Aim: To explore AI's practical applications in pharmacovigilance, focusing on efficiency, process acceleration, and task automation. It also examines the use of an expert-defined Bayesian network for causality assessment in a Pharmacovigilance Centre, demonstrating its impact on decision-making.
Method: A comprehensive literature narrative review was conducted in MEDLINE (via PubMed), Scopus, and Web of Science using a set of targeted keywords, including but not limited to "pharmacovigilance", "artificial intelligence", "adverse drug reactions" and "drug safety". Relevant studies were analysed without restrictions on publication year or language. The search was carried out in January 2025.

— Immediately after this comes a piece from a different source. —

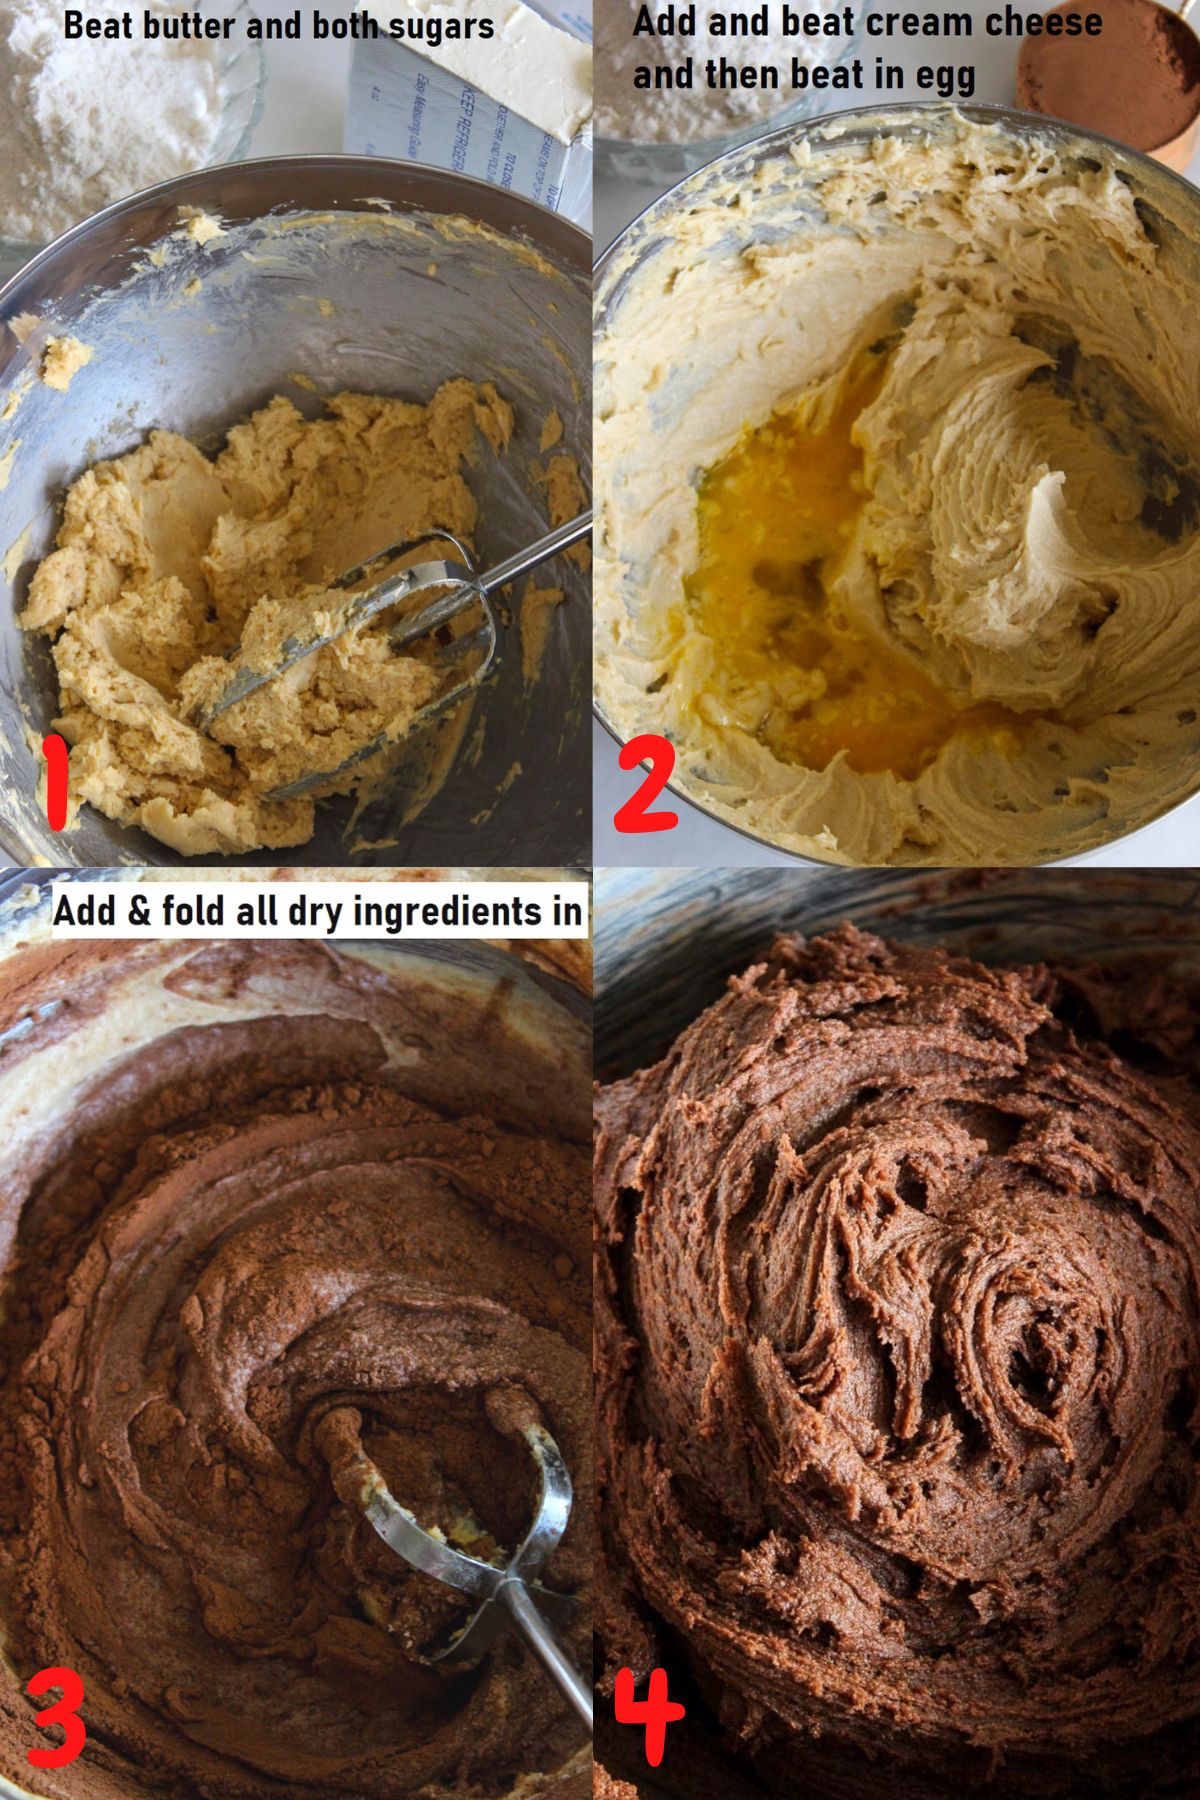 Step by step process of how to make double chocolate cookies from scratch.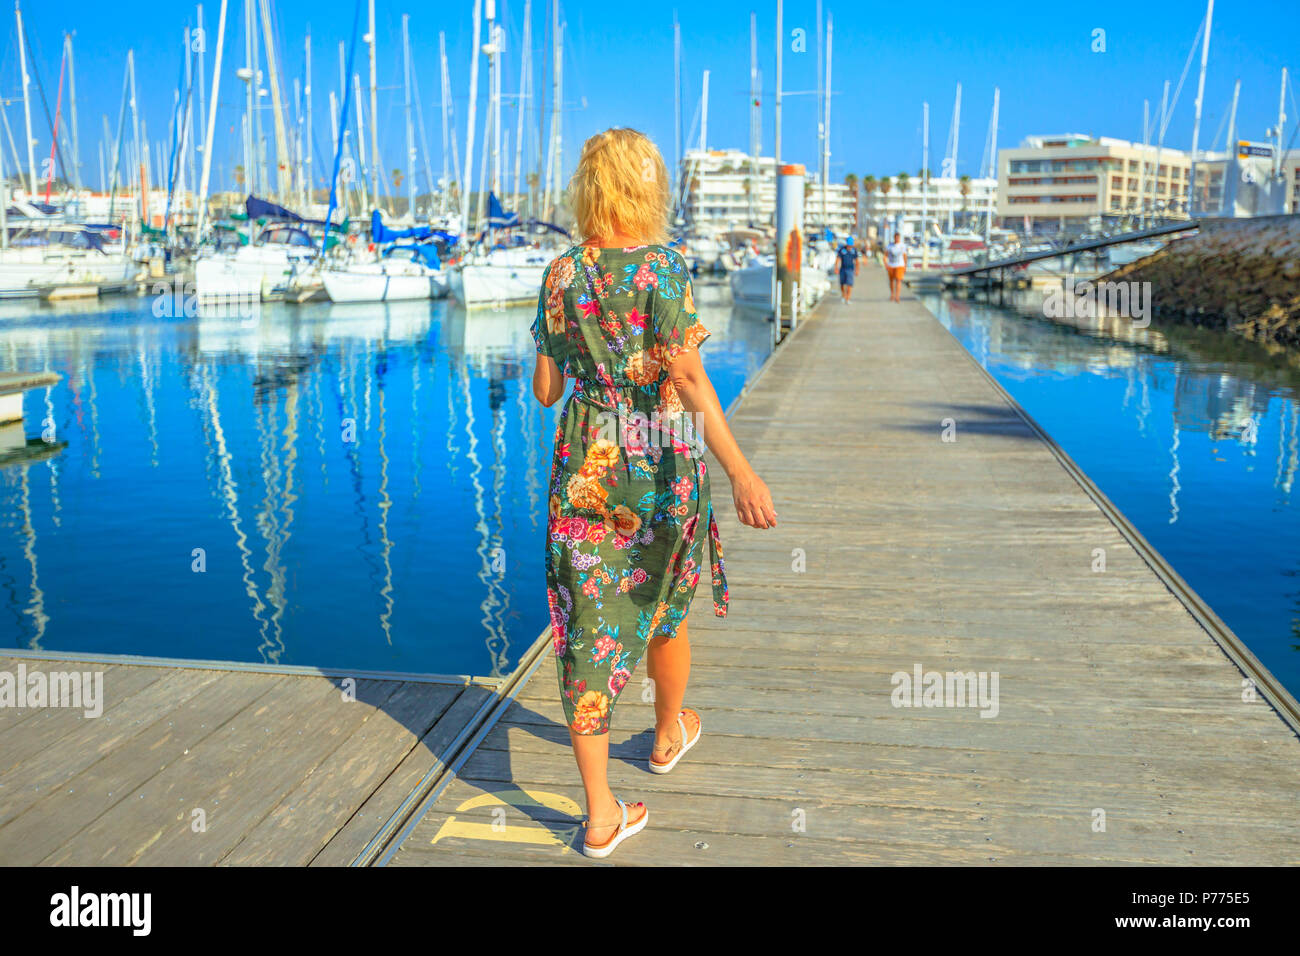 Tourism in Portugal. Lifestyle female tourist walking on wooden jetty at Marina de Lagos on Algarve coast, Portugal, Europe. Caucasian woman at Bay of Lagos in summer holidays. Stock Photo

Results: AI has greatly improved pharmacovigilance by streamlining signal detection, surveillance, and ADR reporting automation. Techniques like data mining and automated signal detection have expedited safety signal identification, while duplicate detection has enhanced data precision in safety evaluations. AI has also refined real-world evidence analysis, deepening drug safety and efficacy insights. Predictive models now anticipate ADRs and drug-drug interactions, enabling proactive patient care. At a regional pharmacovigilance center, the implementation of an expert-defined Bayesian network has optimized causality assessment, reducing processing times from days to hours, minimizing subjectivity, and improving the reliability of drug safety evaluations.
Conclusion: AI holds significant promise for enhancing pharmacovigilance practices, yet its practical application remains primarily confined to academic research, with integration hindered by data quality issues, regulatory barriers, and the need for more transparent algorithms.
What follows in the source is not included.